I'm sure that Mr Kinnock has ahead of him a powerful political career and will be remembered for his own derring-do, but if it is not to be, he will remain immortal in the lexicon of American politics if only, years and years from now, as a footnote on a par with such forgotten Englishmen as Captain Boycott and Samuel Maverick.

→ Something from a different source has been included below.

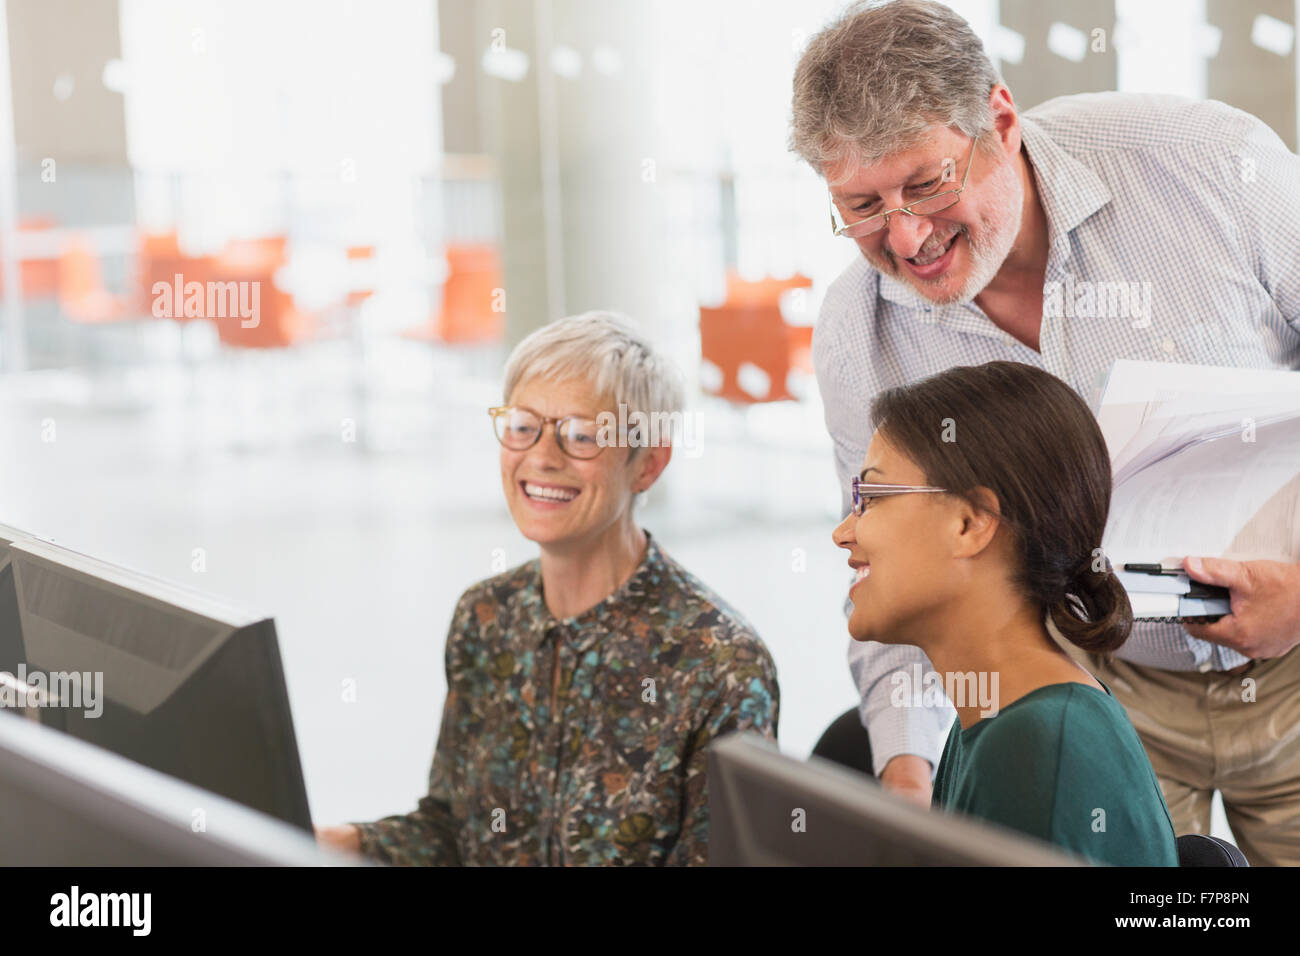 Smiling students talking at computer in adult education classroom Stock Photo

For Neil Kinnock was, quite innocently, Joe Biden's fatal stumbling block on the way to the presidency. Senator Joe Biden was caught out reciting a speech of Mr Kinnock's as his very own. It was such an effective, such a moving, speech after its try-out before an electioneering rally that the senator came to use it again and again. And who, what caught him out? A new device. The people's memory bank that is known as the videotape library, something that all politicians and public hypocrites have got to dread from now on.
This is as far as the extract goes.